If you are returning to live in the UK, or moving to a new country, do not risk leaving it too late to seek advice on the most tax efficient manner in which to hold your assets.
What does 2015 have in store for you? For some British expatriates, it will be the year they return to live in the UK, or perhaps move on to a completely new country.
Even if you have no expectations of returning to the UK right now, you cannot know what the future will hold. In our experience, many UK nationals do eventually go back, for example, when grandchildren come along and they wish to be closer to family, or after the death of a spouse.
Too many people leave it until they have become resident in their new country before seeking advice on the most tax efficient manner in which they should hold their assets and investable wealth. If they are lucky, in certain jurisdictions this does not create too much of an issue, but in others waiting until after they have become tax resident could mean they miss out on the most tax effective solutions.
British expatriates returning to live in the UK may be able to take advantage of their current non-UK resident status to carry out tax and wealth management prior to their return, so that once back in the UK they can enjoy tax advantages which would not be ordinarily achievable by UK residents.
By taking appropriate advice before you return to the UK, you could arrange your investable assets in a manner where you can enjoy tax-free growth and income as a UK resident, irrespective of how much money you invest.
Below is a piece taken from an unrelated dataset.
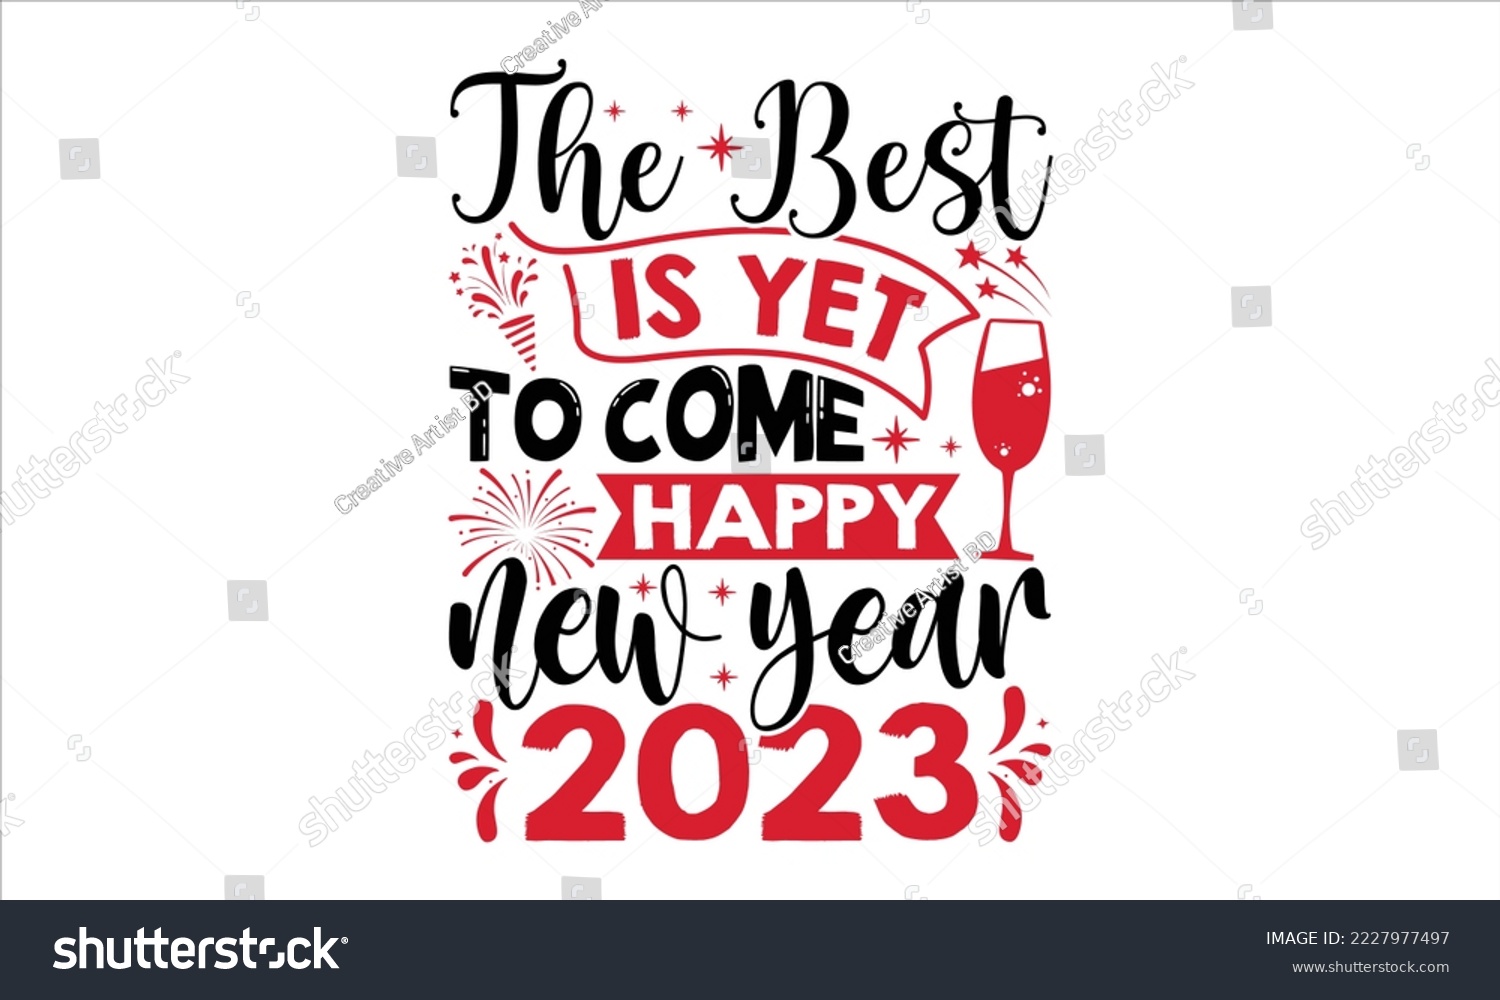 SVG of The Best Is Yet To Come Happy New Year 2023  - Happy New Year  T shirt Design, Modern calligraphy, Cut Files for Cricut Svg, Illustration for prints on bags, posters svg
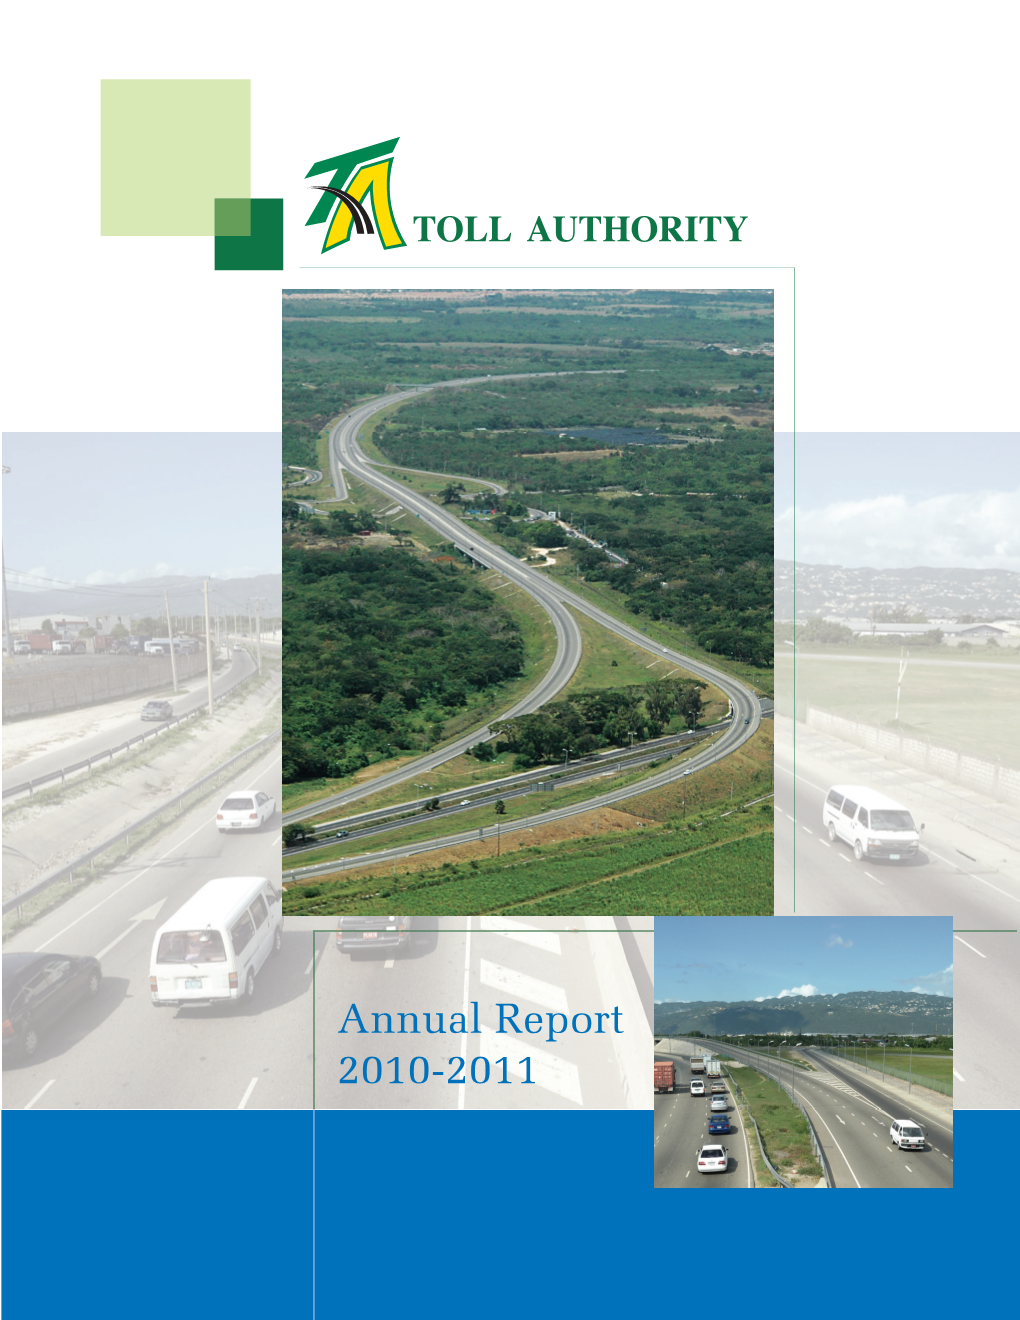 Toll Authority Annual Report 2010-2011 Message from the Minister

Other than the limited National Savings Certificates, Premium Bonds and annual ISA allowances, other mainstream UK investments available to UK residents do not come close to the tax benefits that returning expatriates can enjoy, as long as they plan early enough before their return.
You would also need to consider your pension funds, particularly if you have a Qualifying Recognised Overseas Pension Schemes (QROPS).
The old adage is always true – it is never too early to start planning.
If you do end up returning to the UK for one reason or another, you may find you have limited time to put the necessary appropriate tax and wealth management arrangements in place. So to give you peace of mind, you can take advice and review your financial planning now, to ensure it is structured in the best possible way should an unanticipated move take place.
You may find that by doing so you have improved your tax position here in current country of residence, so that you are already protecting your wealth from unnecessary taxation.
It is therefore essential to take advice from someone who has in-depth knowledge of both your country of residence and UK tax regimes, and how they interact. Most advisers only deal with one or the other, but at Blevins Franks we keep up to date on tax in the UK, France, Spain, Portugal, Cyprus and Malta.
The key to making this planning most effective is to start as early as you can, even if you do not yet know when you will return to the UK. If you do not return to the UK but have improved your overseas tax position, that is a bonus.
We are becoming more transient these days and it is common for British expatriates to leave the UK, settle in one country and then subsequently move onto another. Are there any implications if, instead of returning to the UK, you decide to move to another country? Just as some of the most effective ways to save tax for those who return to the UK should be established before they go, the same applies to people who change their plans and move elsewhere. It is a case of planning before you move – effective tax planning is all about flexibility and adaptability.
Seek advice from an international tax and wealth management company, who can provide up to date information and guidance on the country you are moving to. Blevins Franks has offices in Spain, France, Portugal, Cyprus, Malta and the UK.
You may never return to the UK yourself, but what happens when your money does?
Most British nationals retain their UK domicile even though they may have lived overseas for many years. If HM Revenue & Customs can find evidence to create and support a view that you had an intention of returning – even though you did not – it will assess your worldwide estate for UK inheritance tax. This is a complex area where you need specialist advice to avoid or mitigate the inheritance tax liability for your heirs. Blevins Franks provide a comprehensive domicile determination service and have vast experience in this area.
Even if UK inheritance tax is not an issue for you, your money will eventually find its way back to the UK if your heirs and beneficiaries are UK resident. You may be able to plan for this during your lifetime while you are an expatriate, to ensure that after your death your assets are held in a tax effective manner for your family and any other beneficiaries who you may wish to benefit from your estate.
Whether you are moving back to the UK or to a new country, or want to protect your heirs from tax, it is never too early to seek specialist advice. Do not risk missing out on valuable tax planning opportunities.
Tax rates, scope and reliefs may change. Any statements concerning taxation are based upon our understanding of current taxation laws and practices which are subject to change. Tax information has been summarised; an individual is advised to seek personalised advice.